### Task brief
Retype the data below exactly; skip every image.

### Data extract
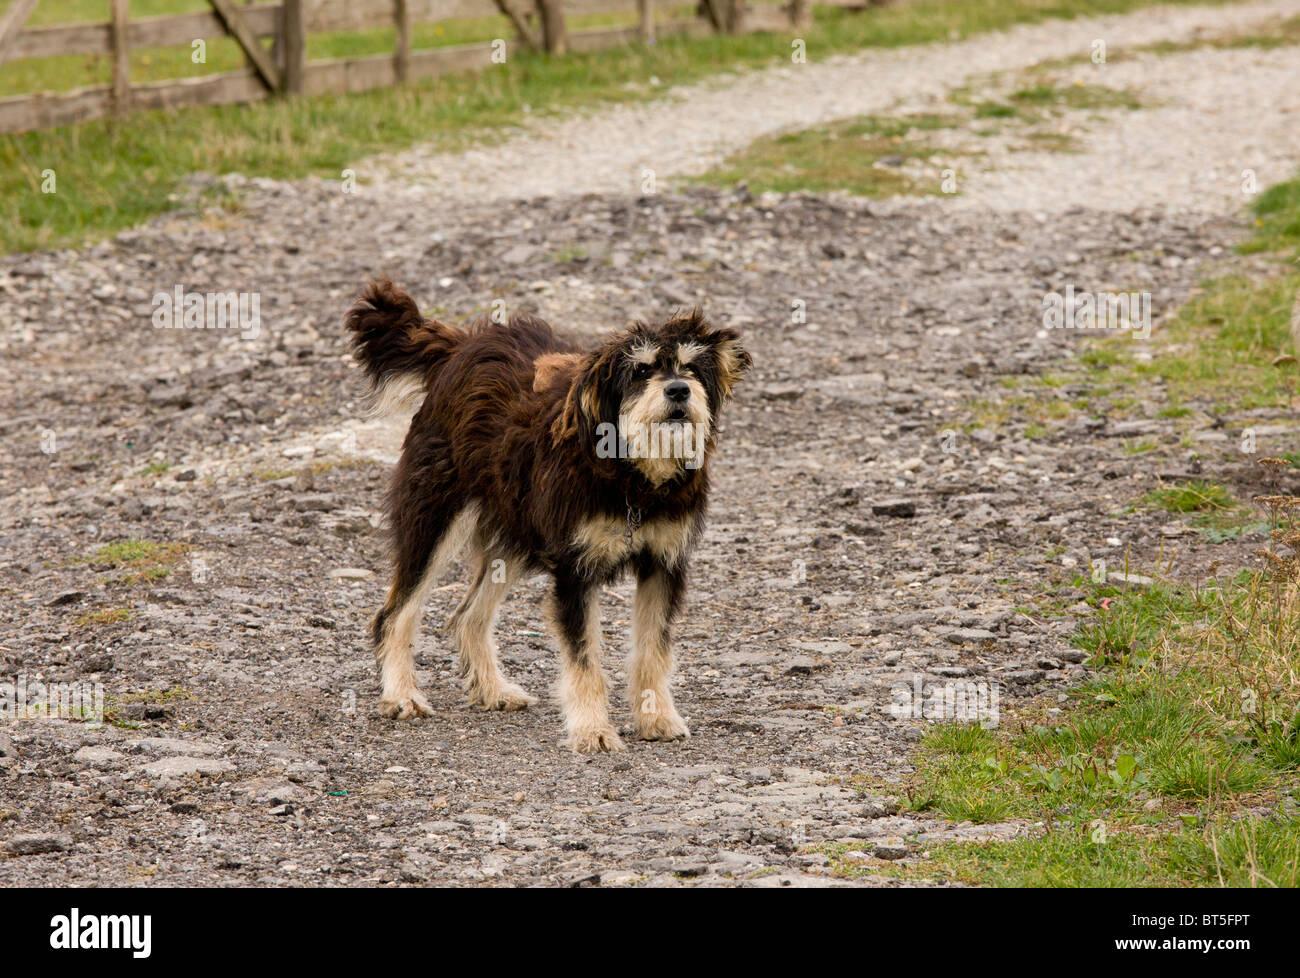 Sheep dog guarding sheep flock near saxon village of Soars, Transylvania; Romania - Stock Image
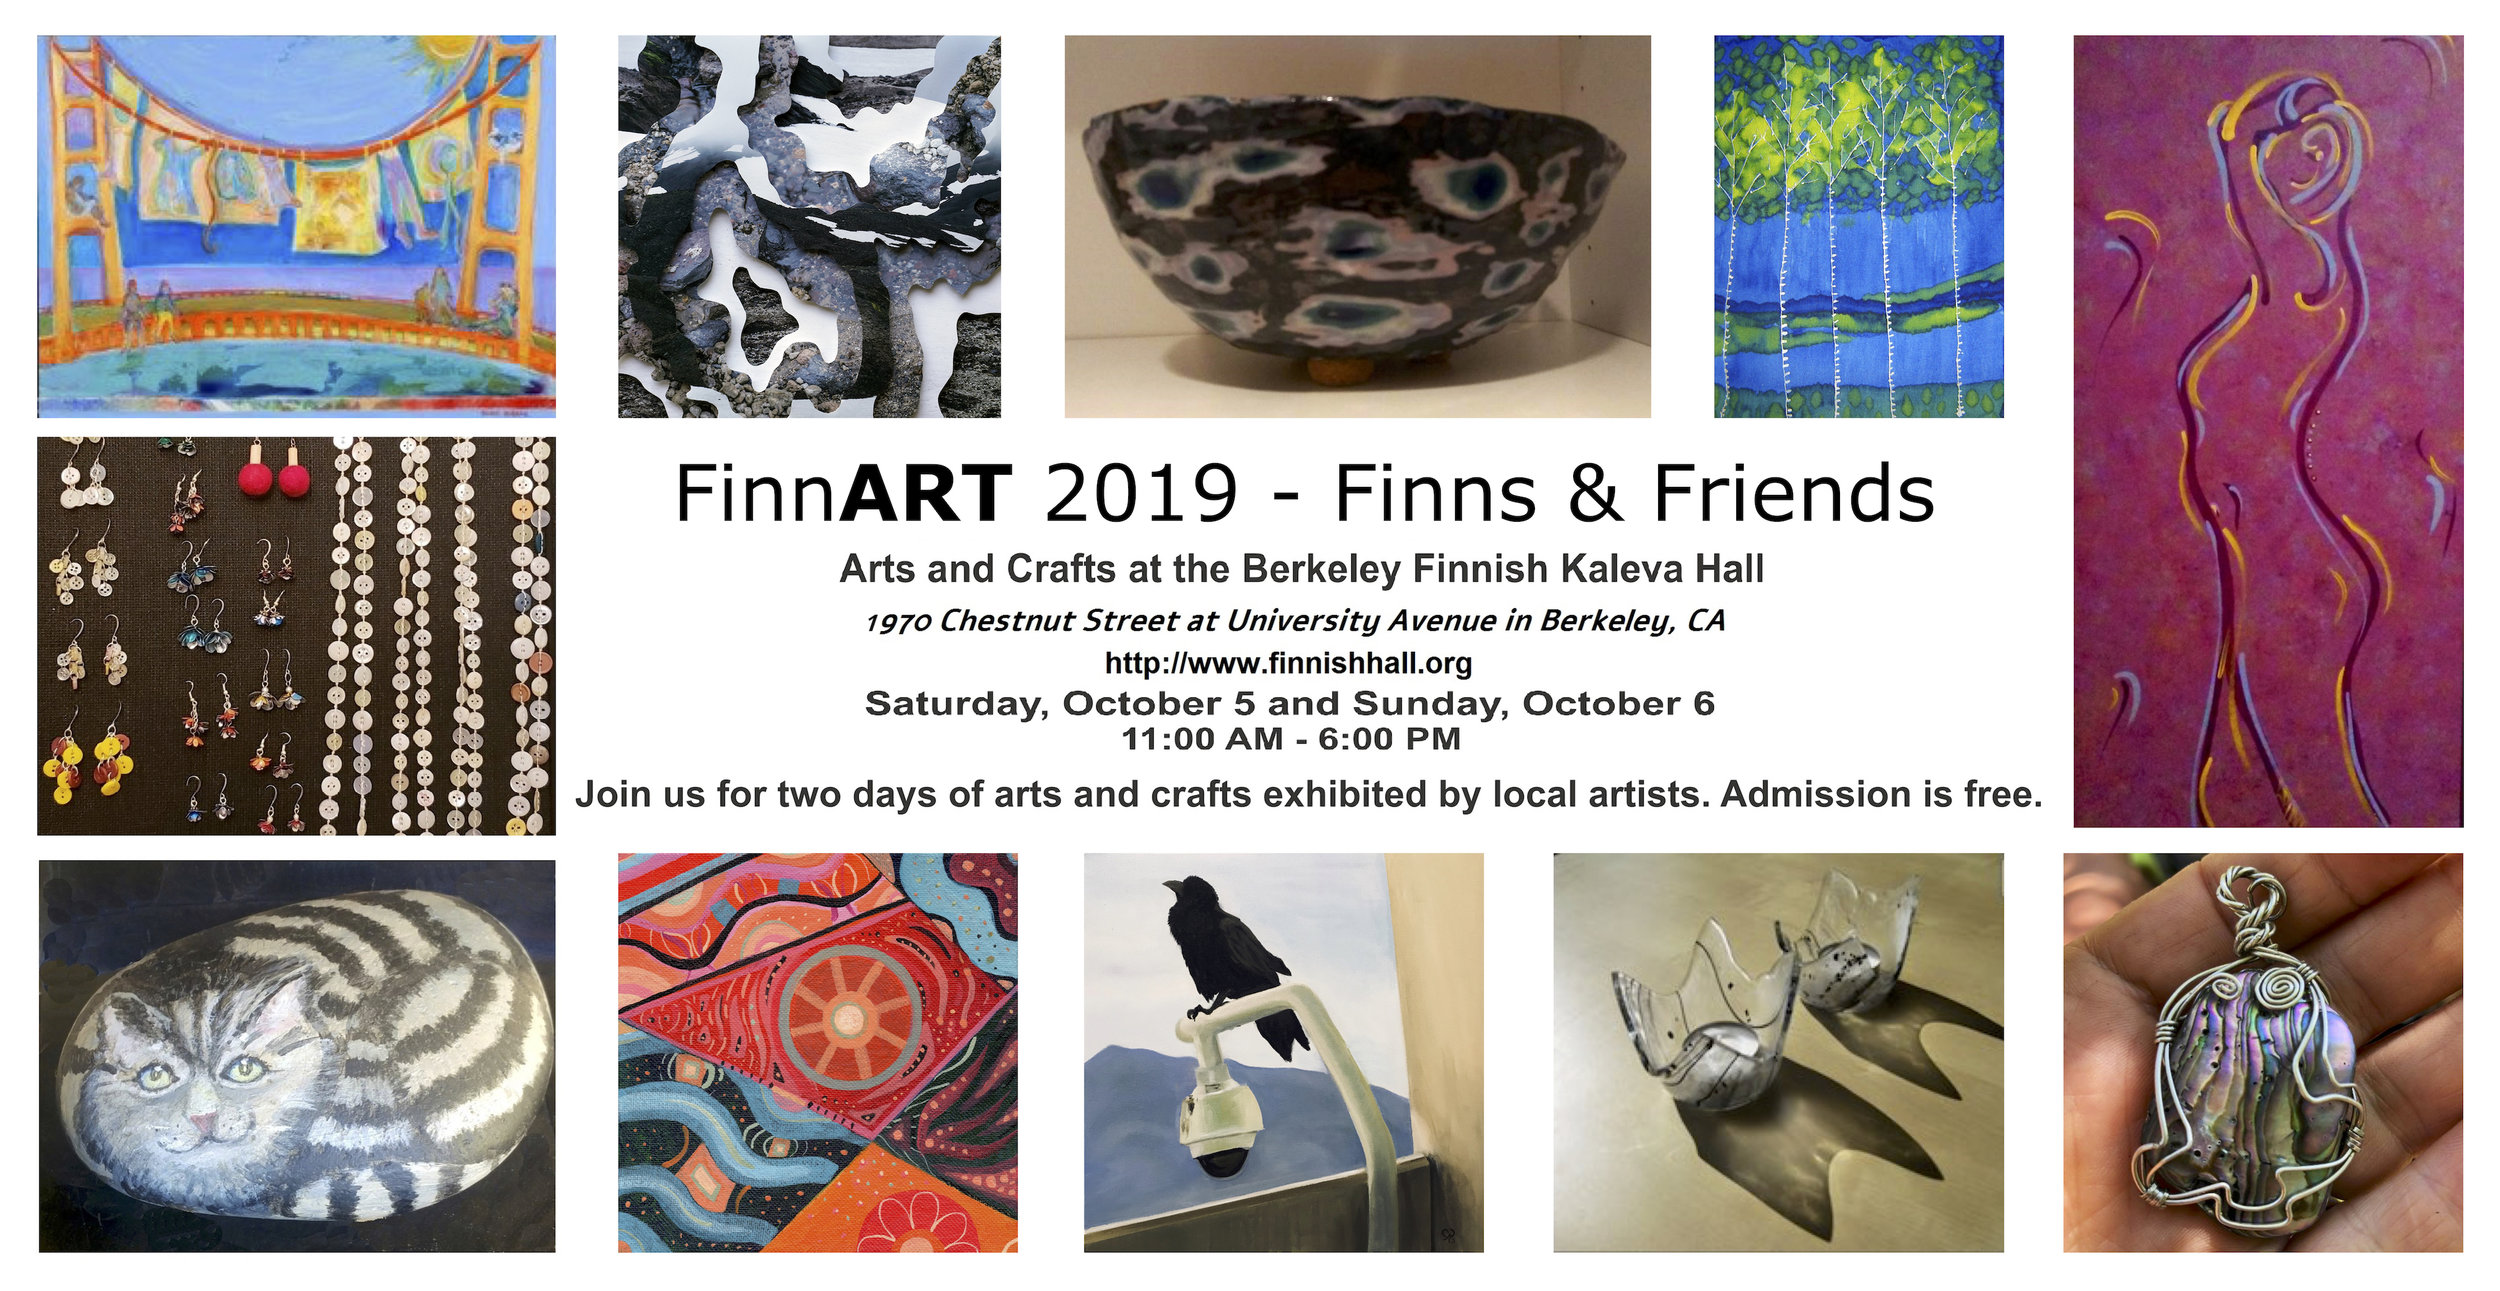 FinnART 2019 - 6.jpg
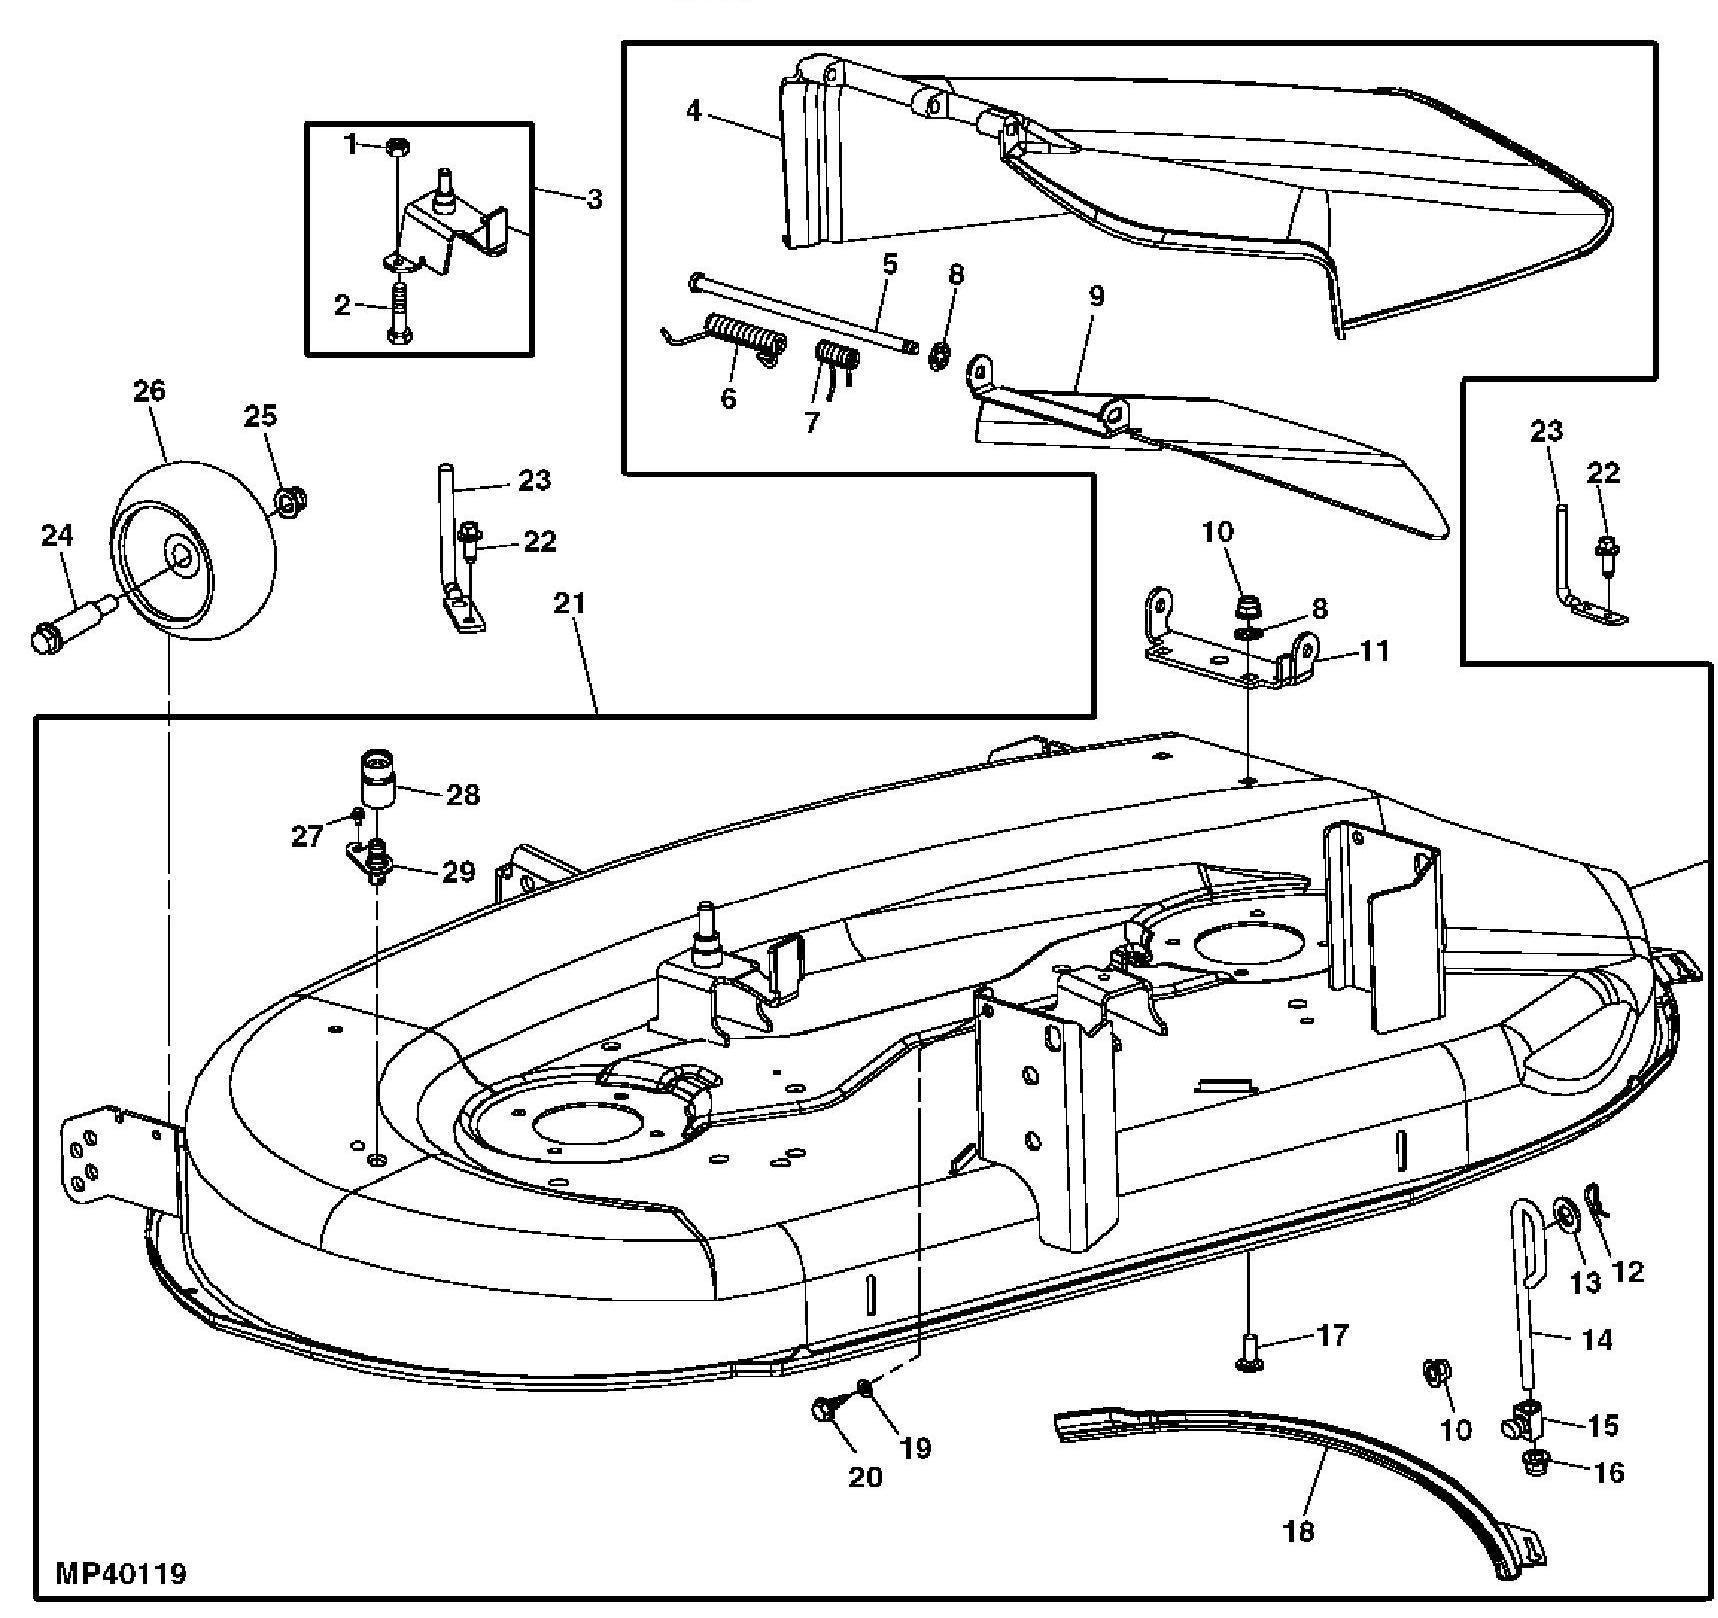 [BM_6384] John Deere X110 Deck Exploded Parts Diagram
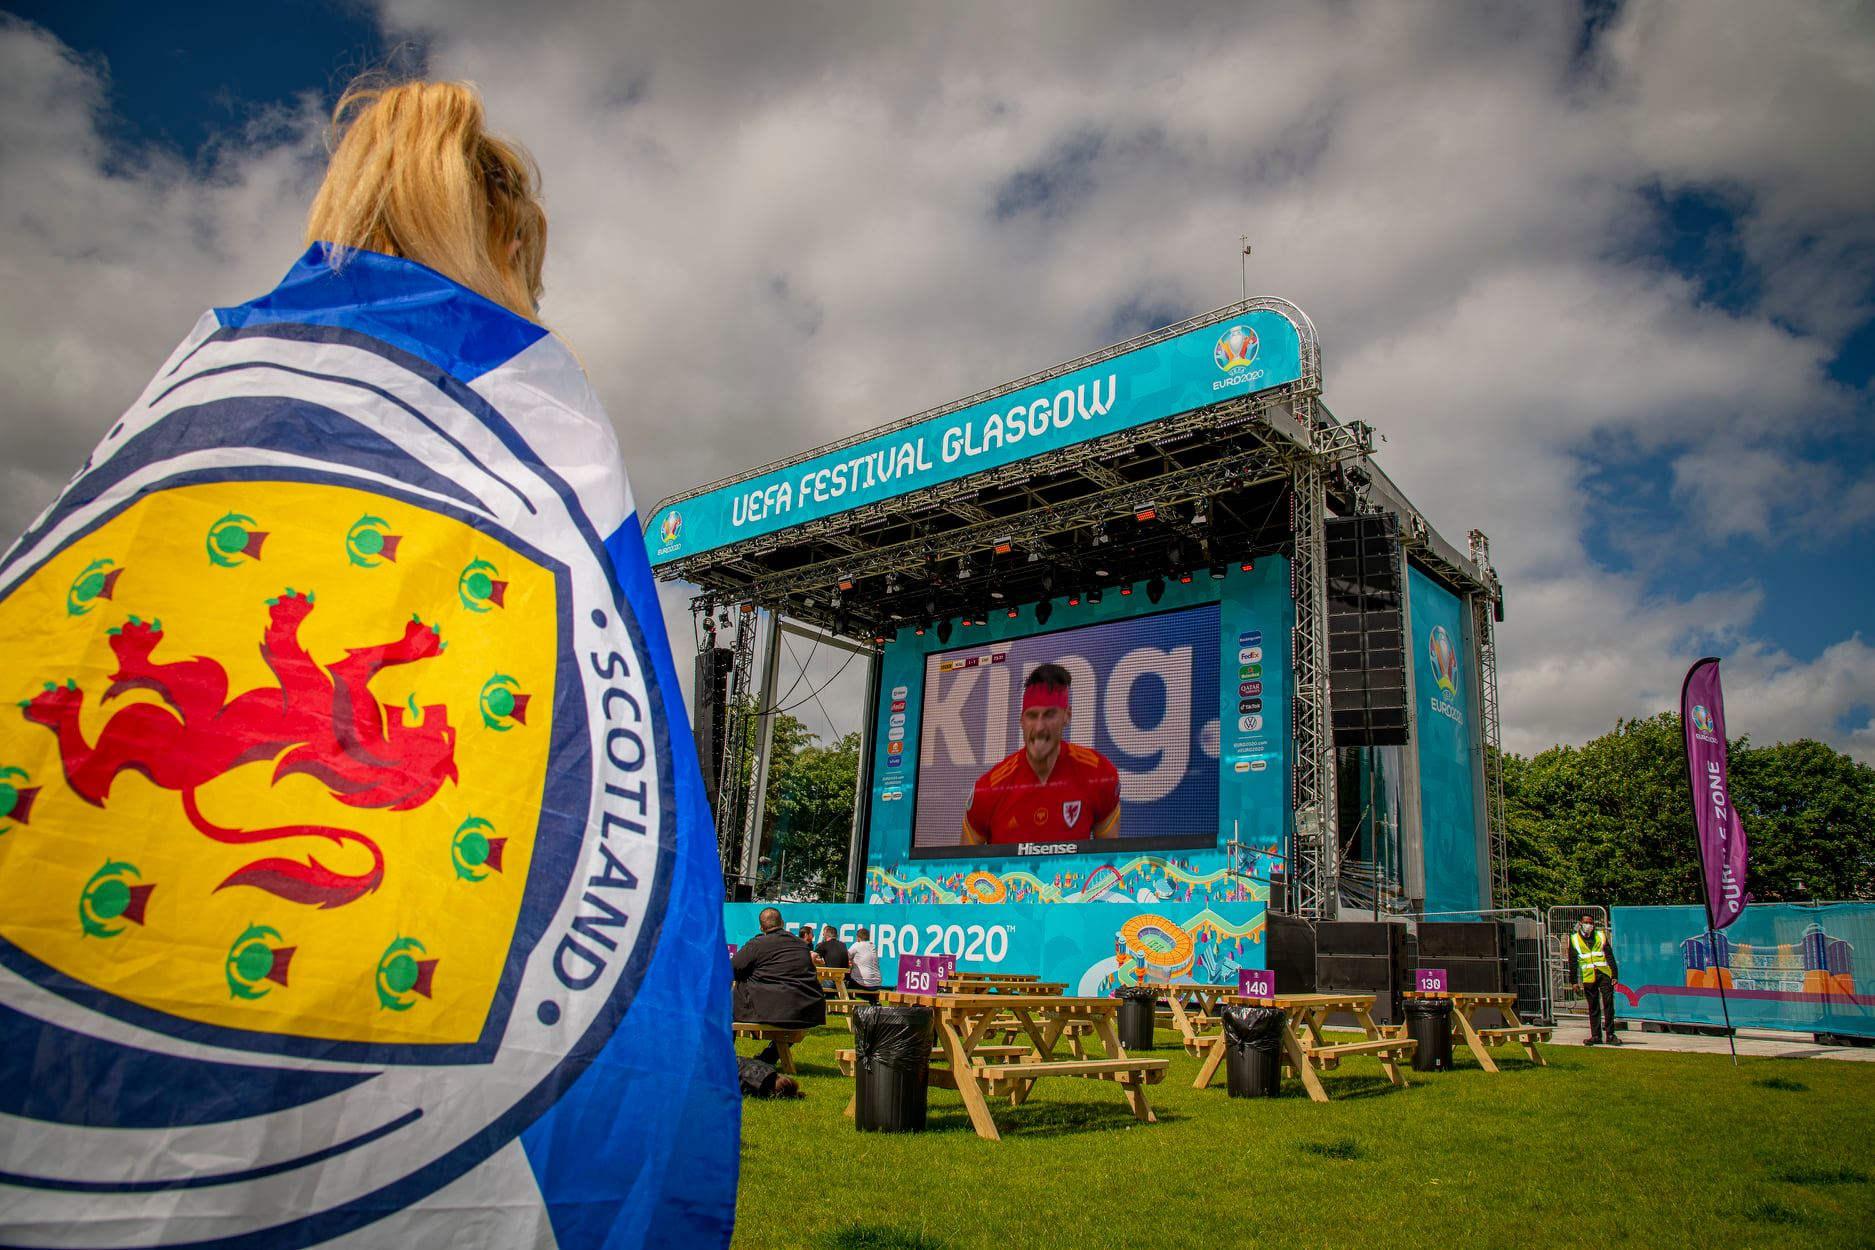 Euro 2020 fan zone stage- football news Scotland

### Response
 Sheep dog guarding sheep flock near saxon village of Soars, Transylvania; Romania - Stock Image
 FinnART 2019 - 6.jpg
 [BM_6384] John Deere X110 Deck Exploded Parts Diagram
 Euro 2020 fan zone stage- football news Scotland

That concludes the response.